Task item: Copy out exactly the lines from the one with "Nike Culture of" through the last line of the listing below, both included, but none of the pictures.

Top of The data

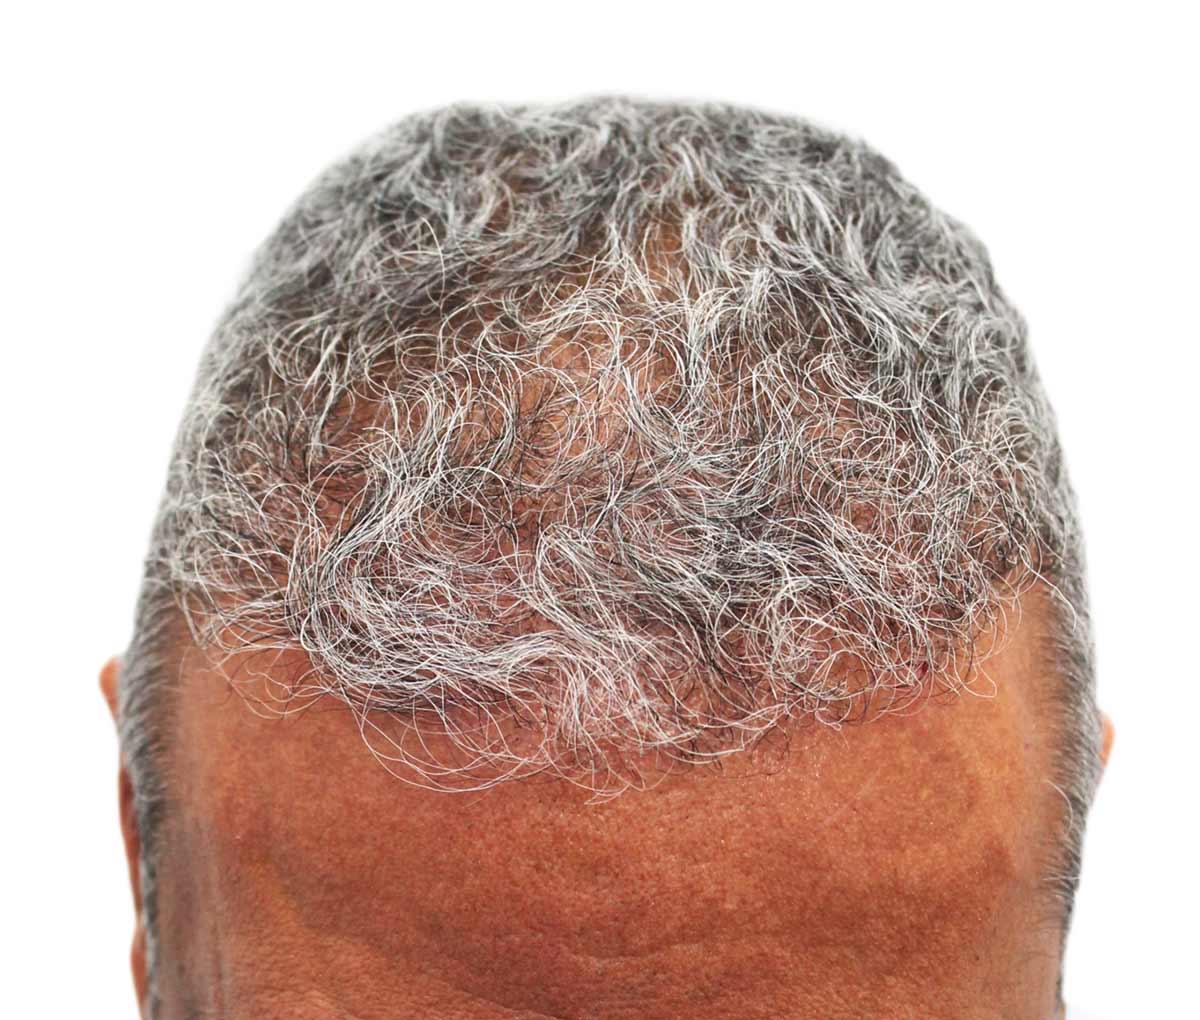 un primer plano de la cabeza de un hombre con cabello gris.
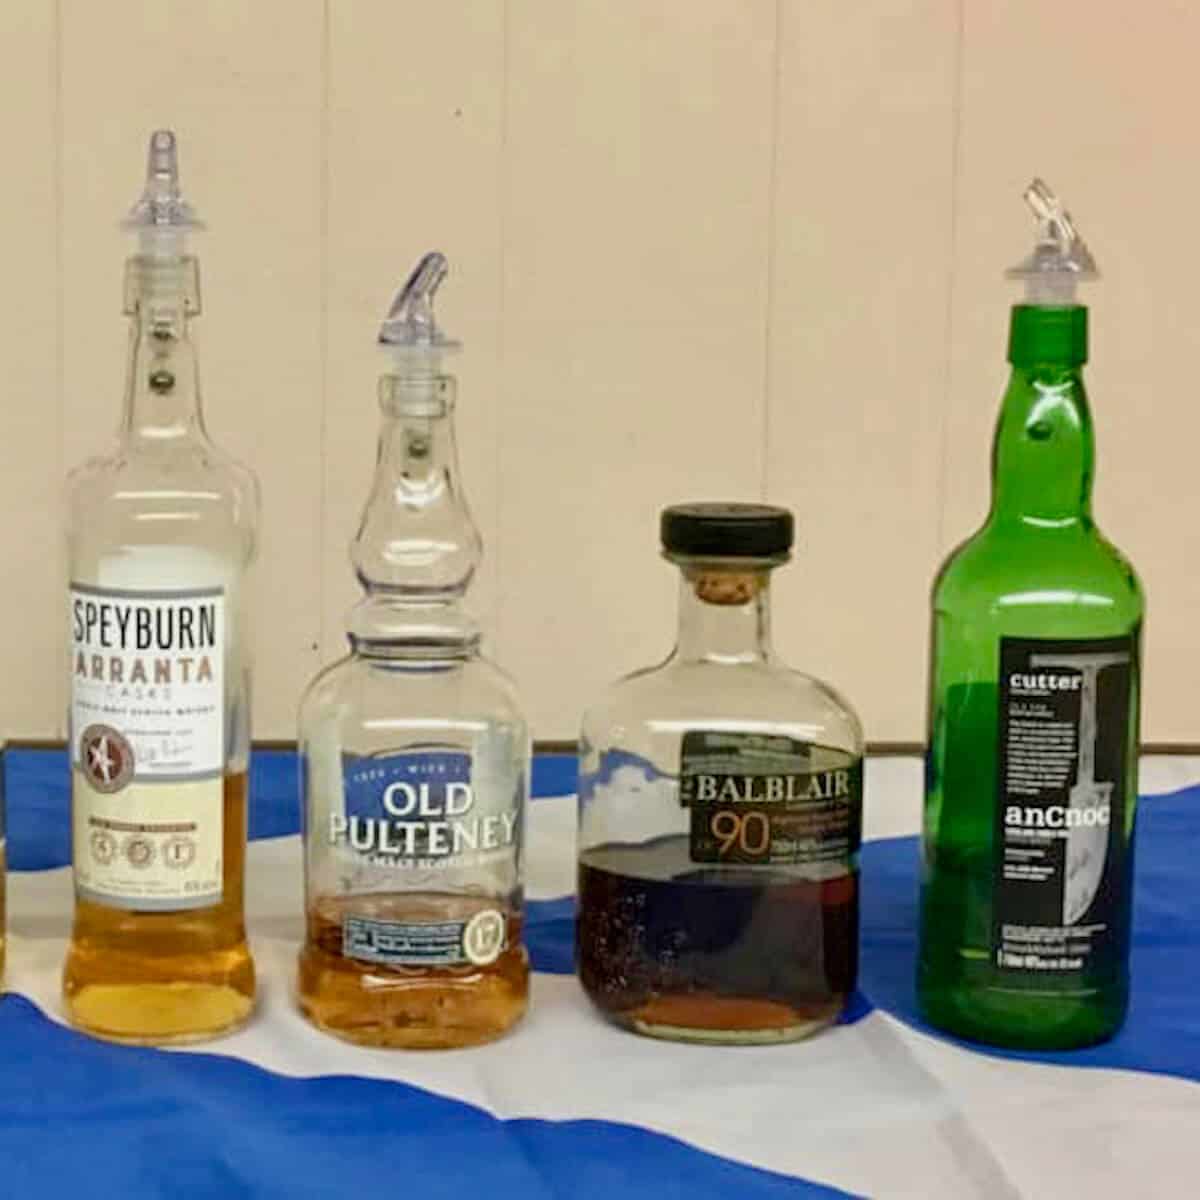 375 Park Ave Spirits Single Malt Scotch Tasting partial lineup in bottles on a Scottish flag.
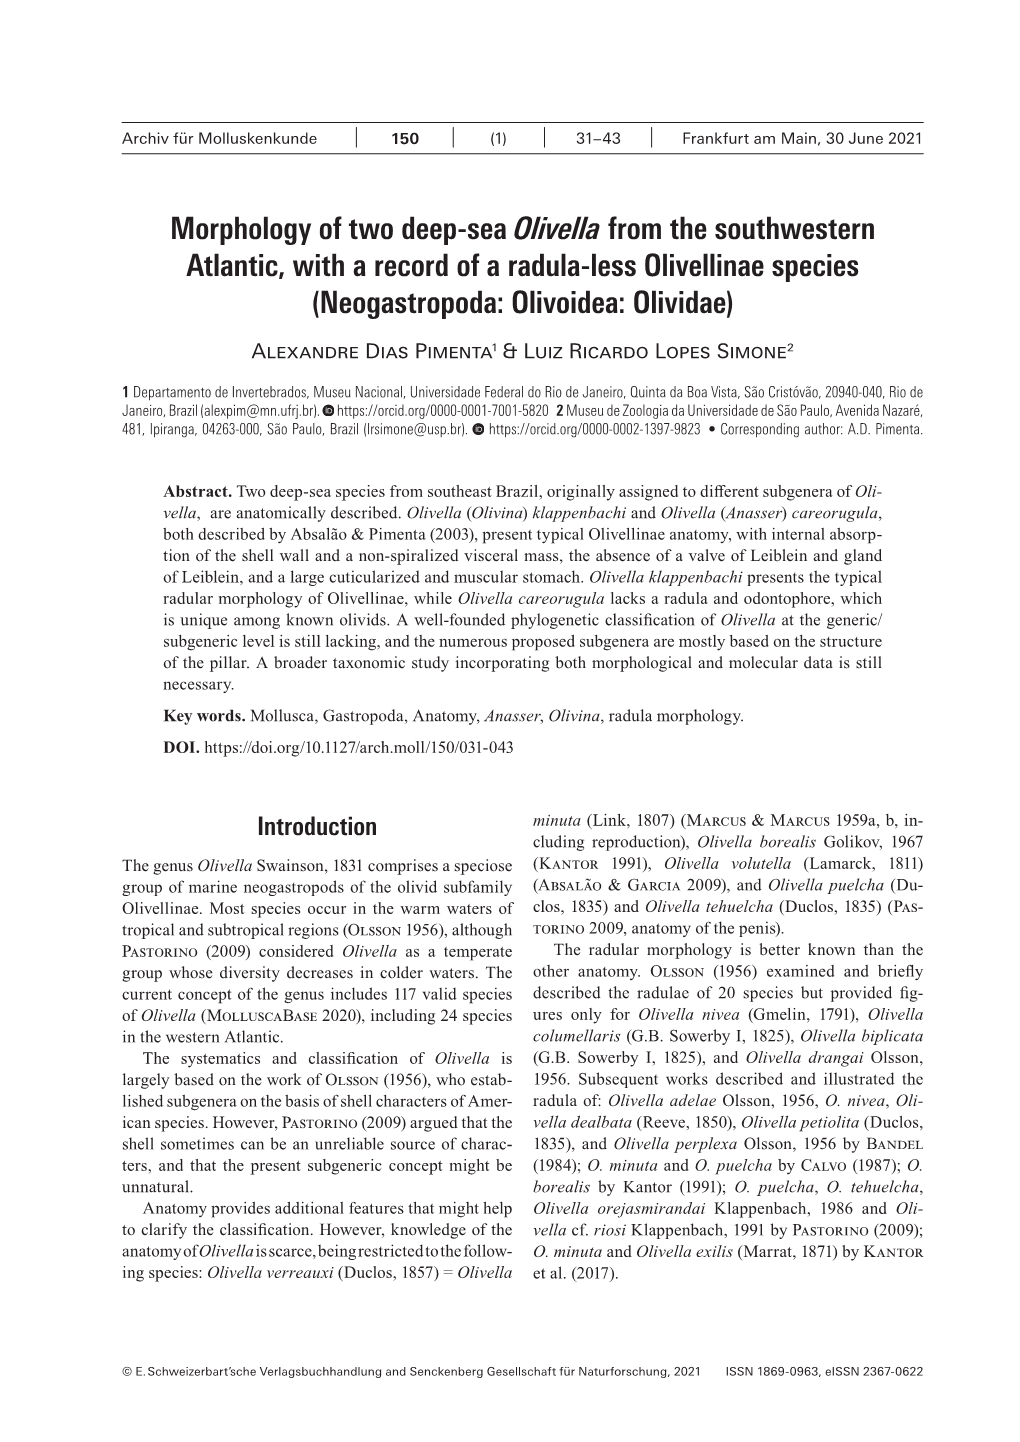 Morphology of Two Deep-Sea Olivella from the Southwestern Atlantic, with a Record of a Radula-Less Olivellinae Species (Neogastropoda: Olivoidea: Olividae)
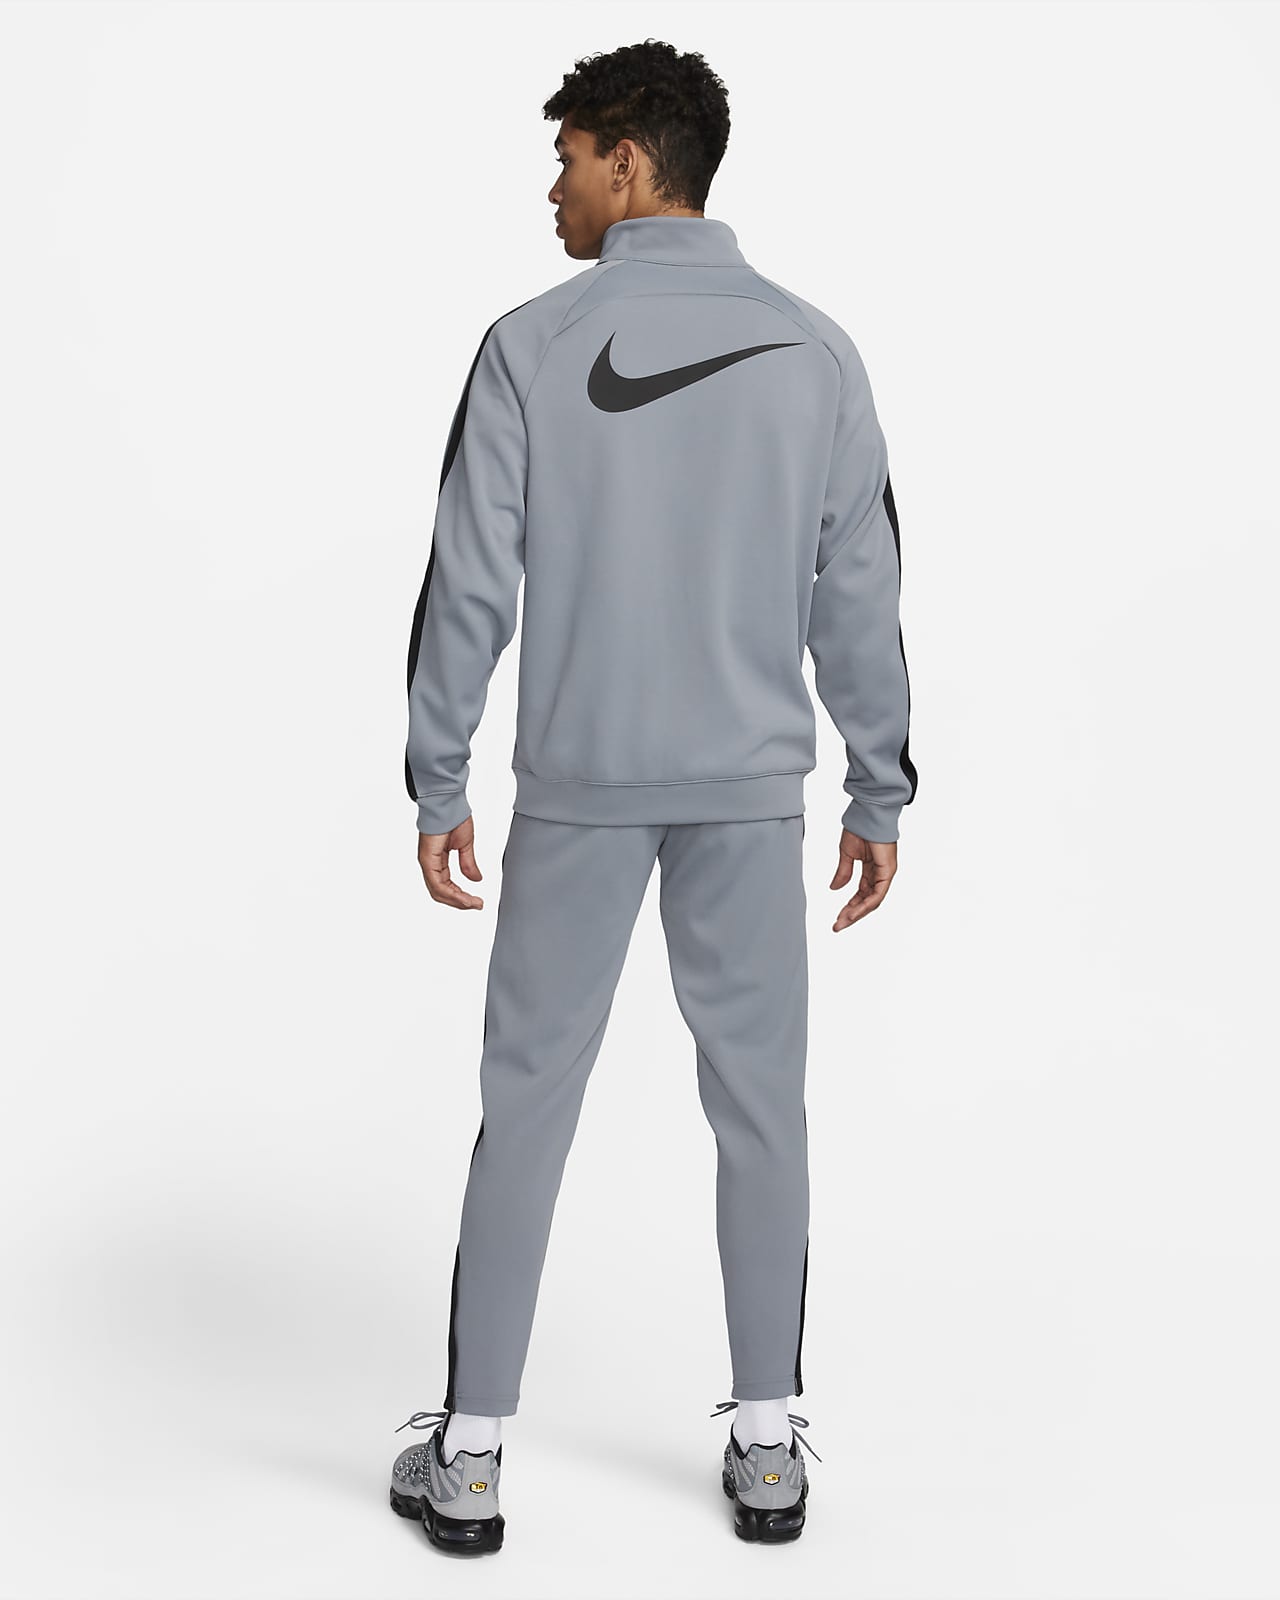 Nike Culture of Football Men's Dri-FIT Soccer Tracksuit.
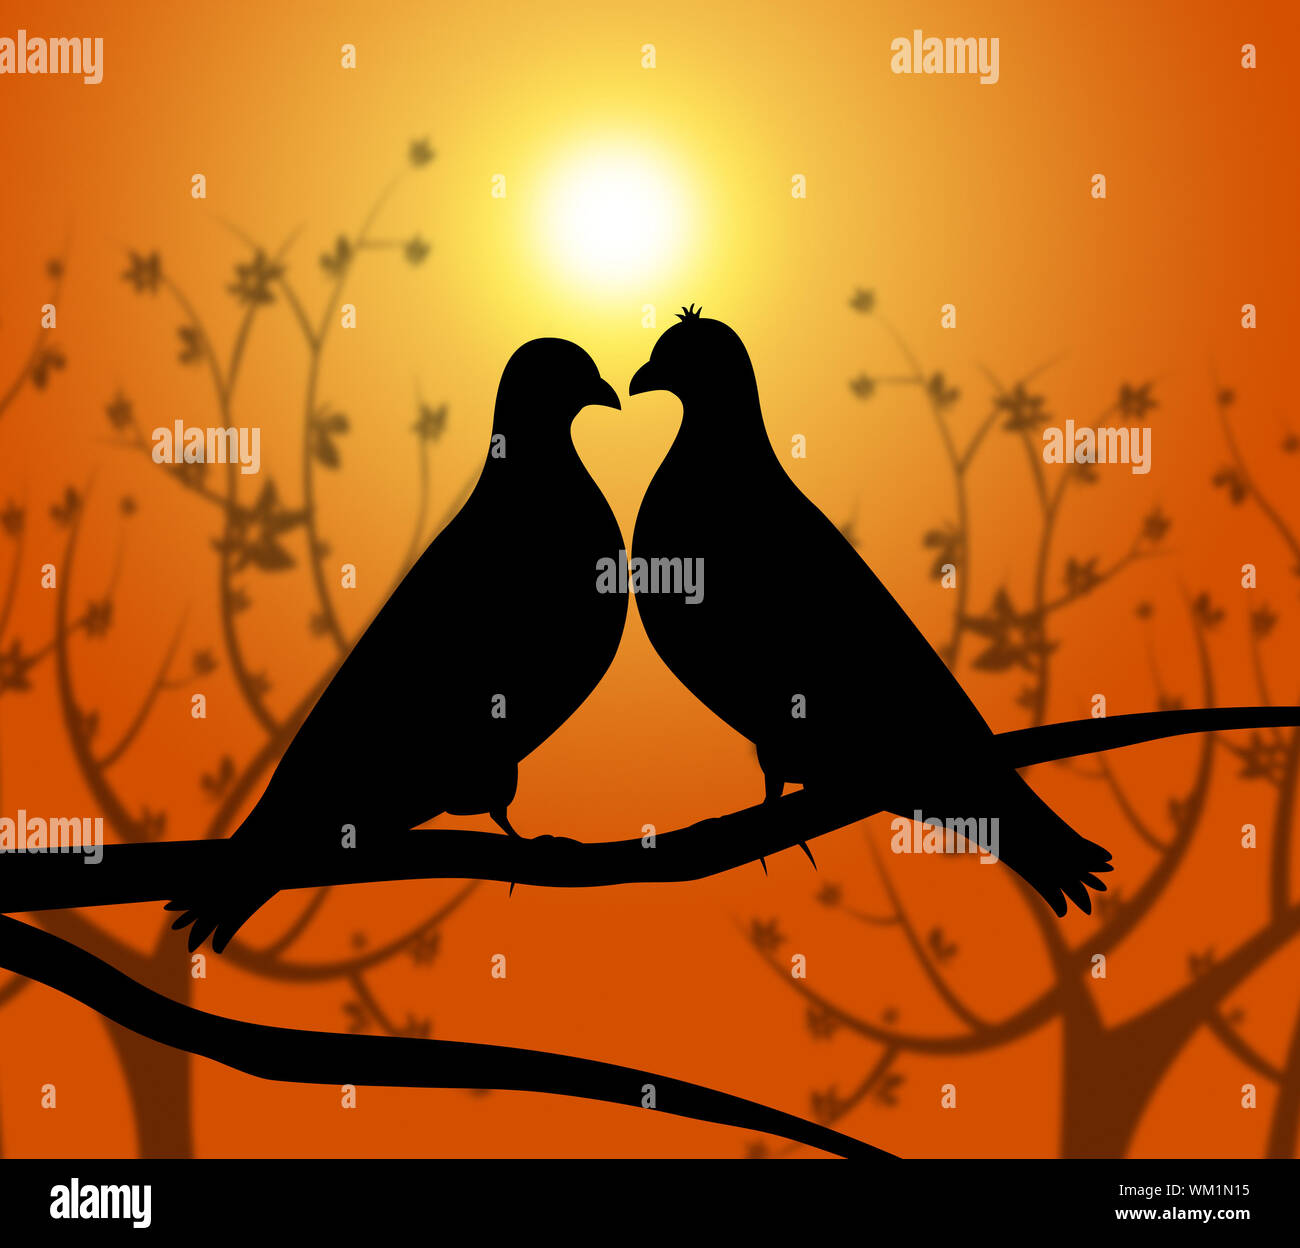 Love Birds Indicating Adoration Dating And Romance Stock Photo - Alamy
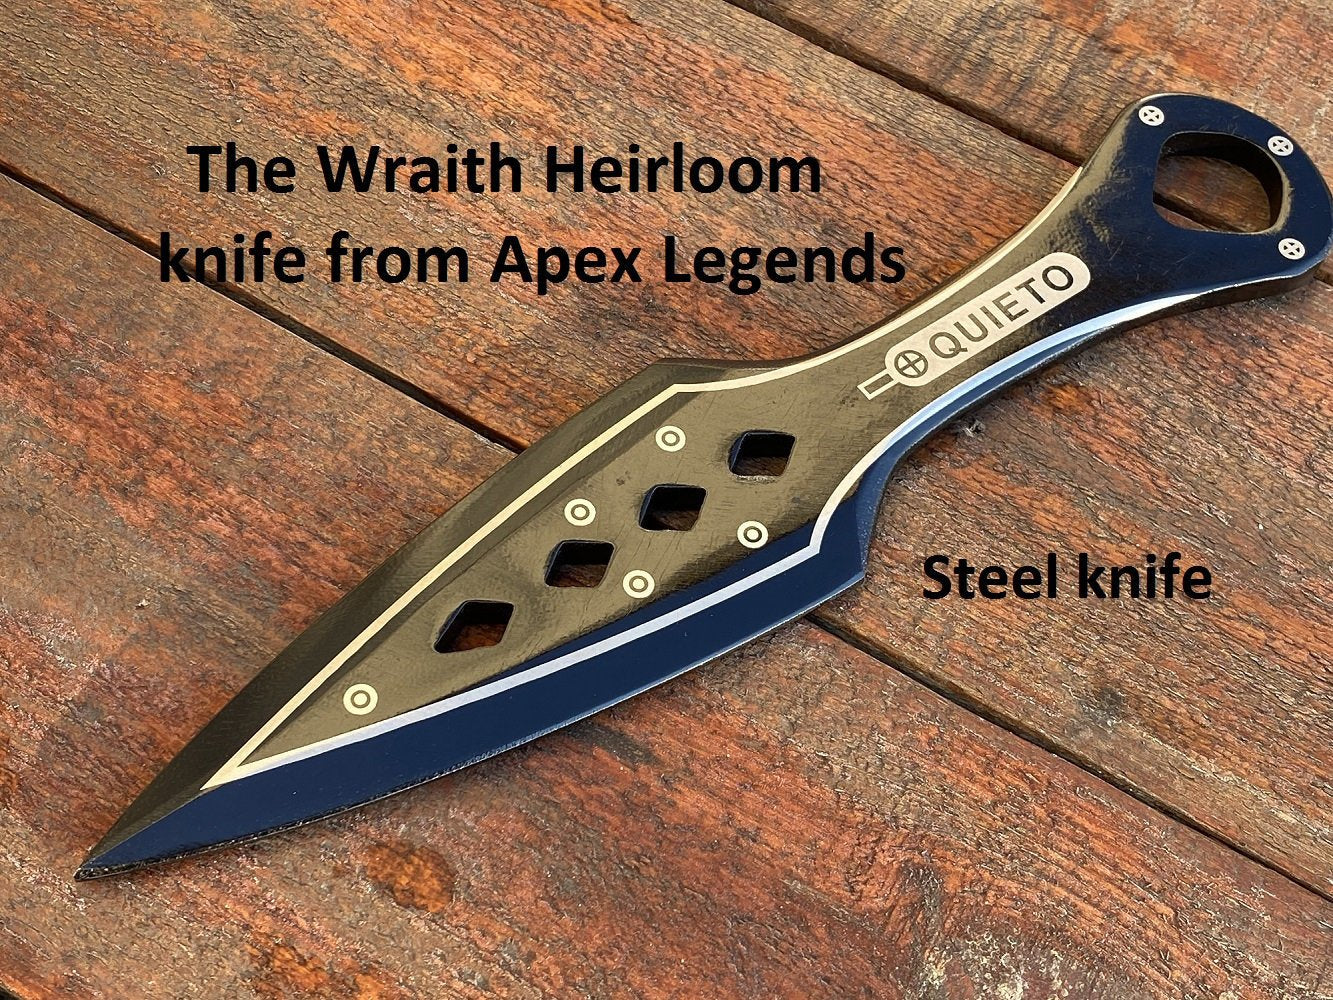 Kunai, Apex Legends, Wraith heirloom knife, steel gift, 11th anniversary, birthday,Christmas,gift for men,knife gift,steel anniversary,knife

Bottom of The data

Completed exercise:
 Nike Culture of Football Men's Dri-FIT Soccer Tracksuit.
 Love Birds Indicating Adoration Dating And Romance Stock Photo - Alamy
 Kunai, Apex Legends, Wraith heirloom knife, steel gift, 11th anniversary, birthday,Christmas,gift for men,knife gift,steel anniversary,knife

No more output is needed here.